Хартли повалился в кресло, глаза широко раскрыты, костлявыми руками стиснул виски.

— Простите, — выдохнул он. — Что-то у меня… ум за разум… верно, воображение разыгралось. Так тянулись эти месяцы. Ночь за ночью. Стал как одержимый, страх одолел. Вот и свалял дурака. Простите. Простите. — И уставился на свои зеленые пальцы. — А что ж будет со мной?

— У меня все прошло, — сказал Смит. — Думаю, и у вас пройдет. Я вам сочувствую. Но это было не так уж скверно… В сущности, я ничего не помню.

Хартли явно отпустило.

— Но… да, наверно, вы правы. Мало радости, что придется вот так закостенеть, но тут уж ничего не поделаешь. Потом все пройдет.

Рокуэлу было тошно. Слишком жестоко он обманулся. Так не щадить себя, так ждать и жаждать нового, неведомого, сгорать от любопытства — и все зря. Стало быть, вот он каков, человек, что вылупился из куколки? Тот же, что был прежде. И все надежды, все домыслы напрасны.

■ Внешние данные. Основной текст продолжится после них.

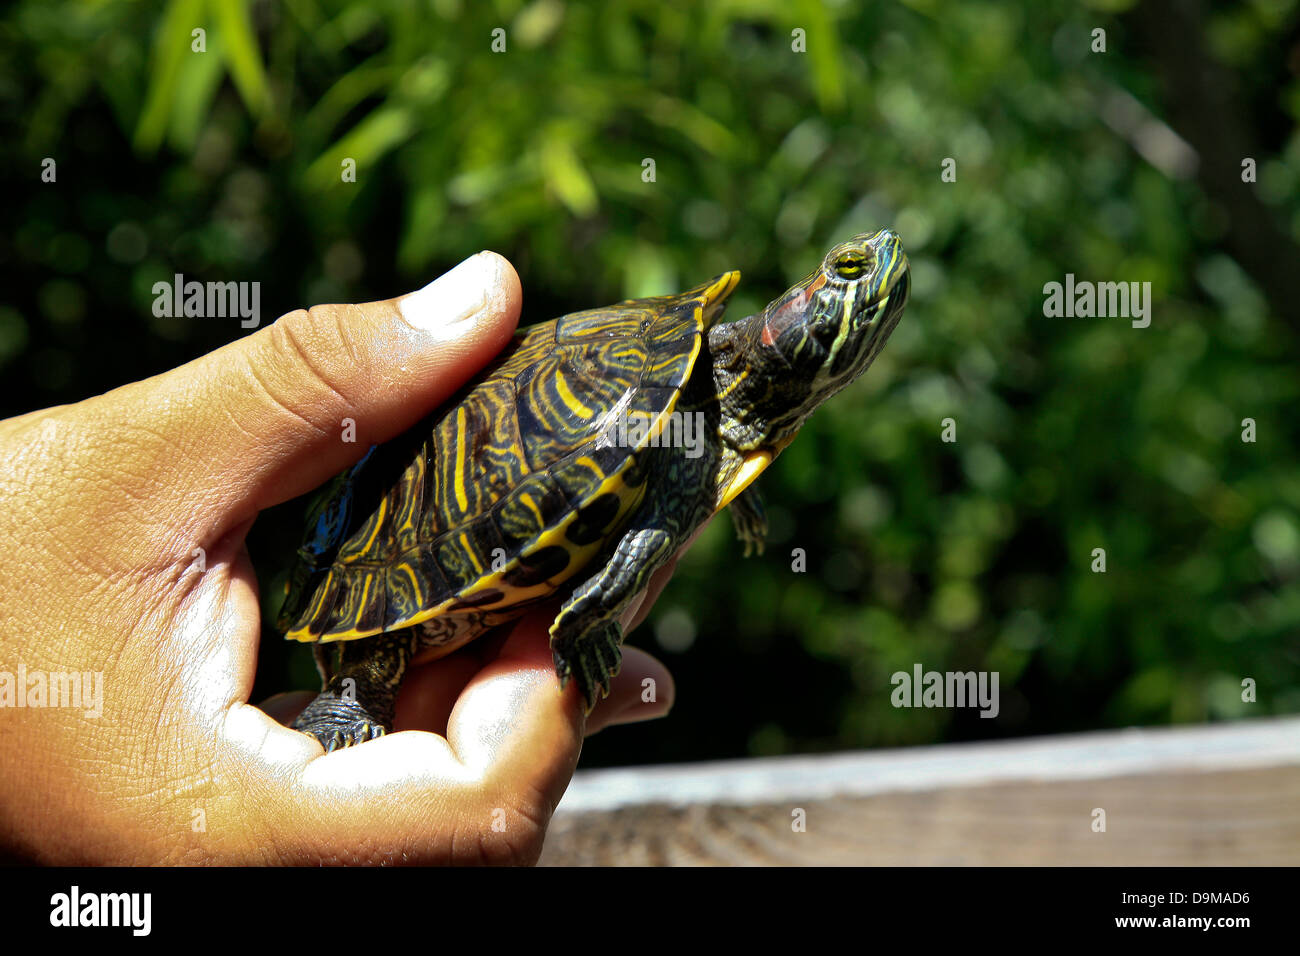 Turtle as seen in the Everglades National Park in Florida Stock Photo

Он жадно глотнул воздух, попытался остановить тайный неистовый бег мысли. Смятение. Сидит перед ним розовощекий, звонкоголосый человек, спокойно покуривает… просто-напросто человек, который страдал какой-то накожной болезнью — временно отвердела кожа да еще под действием облучения разладилась на время внутренняя секреция, — но сейчас он опять человек как человек, и не более того. А буйное воображение Рокуэла, неистовая фантазия разыгрались и все проявления странной болезни сложили в некий желанный вымысел, в несуществующее совершенство. И вот Рокуэл глубоко потрясен, взбудоражен и разочарован.

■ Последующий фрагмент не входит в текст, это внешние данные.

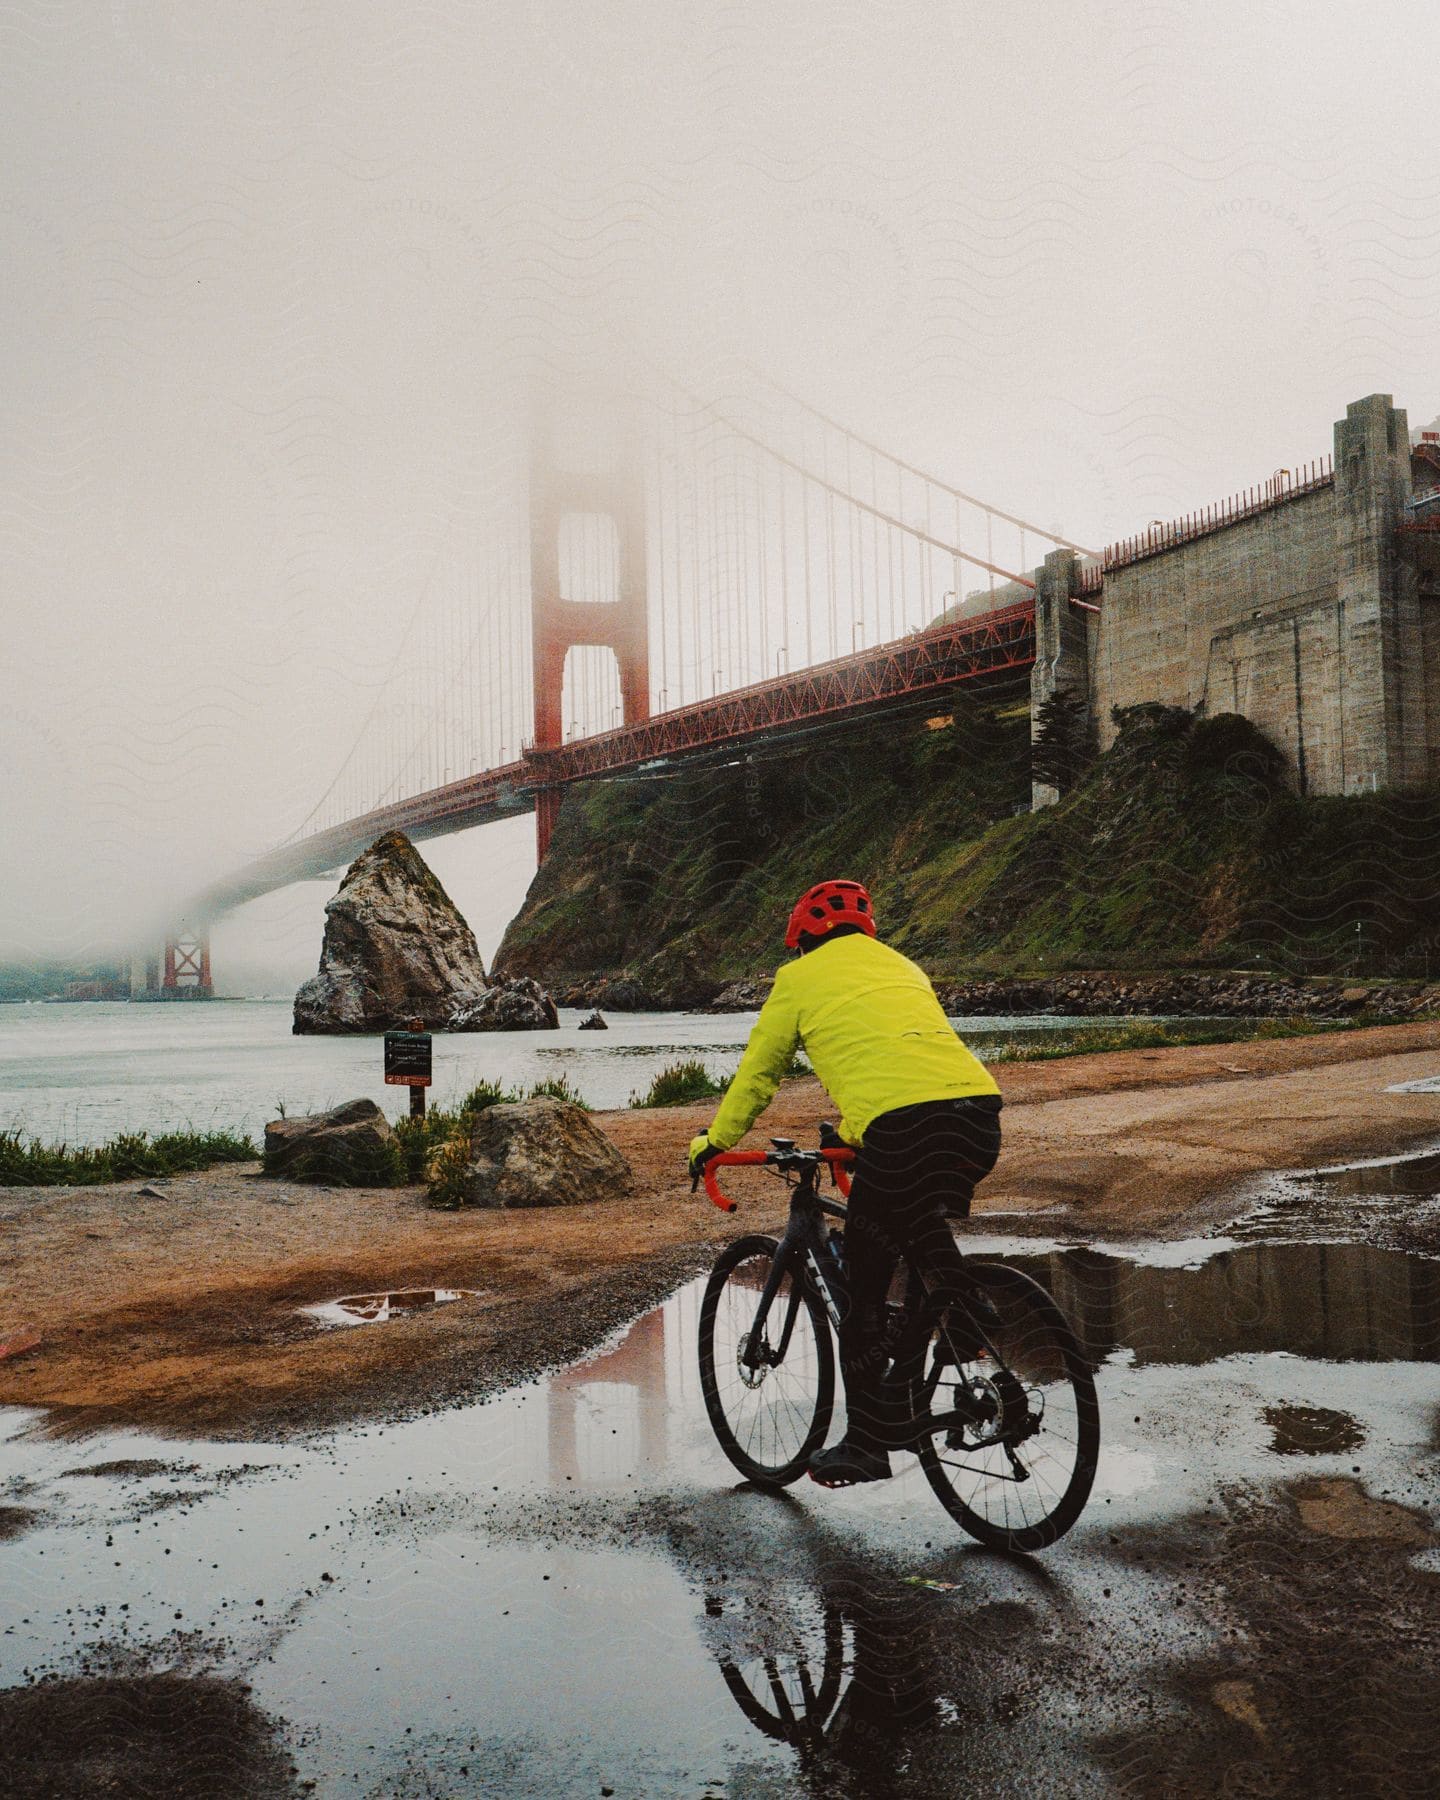 A man in a bicycle with a yellow jacket starring at the coast of the sea and the Golden Gate bridge.

Да, то, что Смит жил без пищи, его необыкновенно защищенная кровь, крайне низкая температура тела и другие преимущества — все это лишь проявления странной болезни. Была болезнь, и только. Была — и прошла, миновала, кончилась и ничего после себя не оставила, кроме хрупких осколков скорлупы на залитом солнечными лучами столе. Теперь можно будет понаблюдать за Хартли, если и его болезнь станет развиваться, и потом доложить о новом недуге врачебному миру.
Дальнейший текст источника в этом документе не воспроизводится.